E.D. Nixon identified King as a leader in the NAACP. King identified Jackson as a leader in the SCLC. Jackson identified Sharpton as a leader in Operation PUSH. There’s a lineage of leadership here.
Oh - and I’ll go on record here to say it’s no surprise to me there isn’t a groundswell of folks wanting to take up the mantle of fighting for civil rights. It’s not like you get a lot of positive reinforcement, until you’re dead. Anyway! Back to Imus…
Hippy Hollow, do you really think that Sharpton will be fondly remembered 40 years from now? I’m not sure that saying King was imperfect and he is fondly remembered, so maybe we’ll ignore Sharpton’s problems works for me. I’m reminded of Calvin bragging to Susie Derkins that Einstein had bad grades in school, but his are even worse.
Anyway, I’m sure a mod will be along soon to move this out of Cafe Society!

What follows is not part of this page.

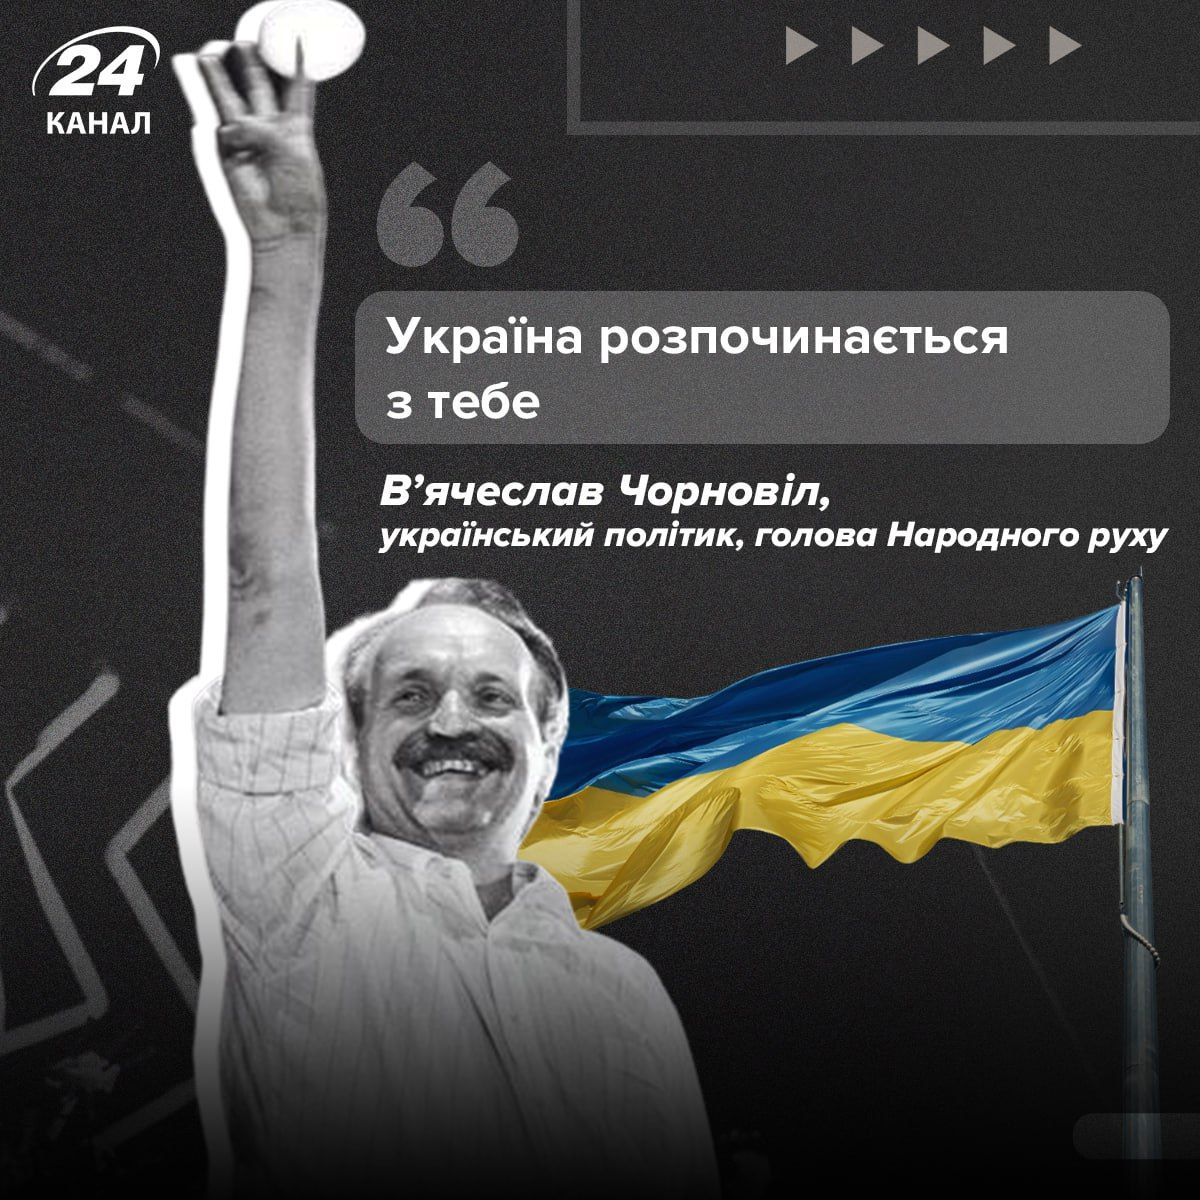 В'ячеслав Чорновіл - чи знають українці, хто він такий - біографія, цікаві факти

No, but the point was that making such a stink over what is a trivial matter diminishes the legetimate struggles and hardships people like MLK and Malcom X endured. Rosa Parks had to ride in the back of the bus or get arrested. Blacks were beaten and killed. The Rutgers girls got called nappy hos by an ignorent has-been DJ. Truly the black people are facing an insurmountable challenge.
Fact of the matter is, you have no idea what the SDMB would say about this. None.
Wow, that’s a lot of power you attribute to Don Imus’ words. Understand that it is the Sharptons and Jacksons of the world with the media and their “continuing coverage” of this incident that has overshadowed the girls achievement. Without them, Imus and his ignorent comments would have been quietly ignored.
Well, I would submit that you don’t have to listen to his radio program if you don’t like what he says. Ultimately his producers will decide if he has turned off enough people to make his show unprofitable.
That’s the problem with people. They’re all for free speech as long as they are only hearing things they like to hear. “I don’t believe in censorship. I think Don Imus should be perfectly free to say whatever he wants. But I don’t understand why he has to say whatever he wants on the radio.” The answer to that is we DO want the people to decide what goes over the airwaves, not just the people we agree with. We don’t want the government legislating it.
Except now my right to IGNORE both Don Imus and Rutgers Women’s Basketball - two things I care nothing about - has been taken away. Now I have to see it on every damn station.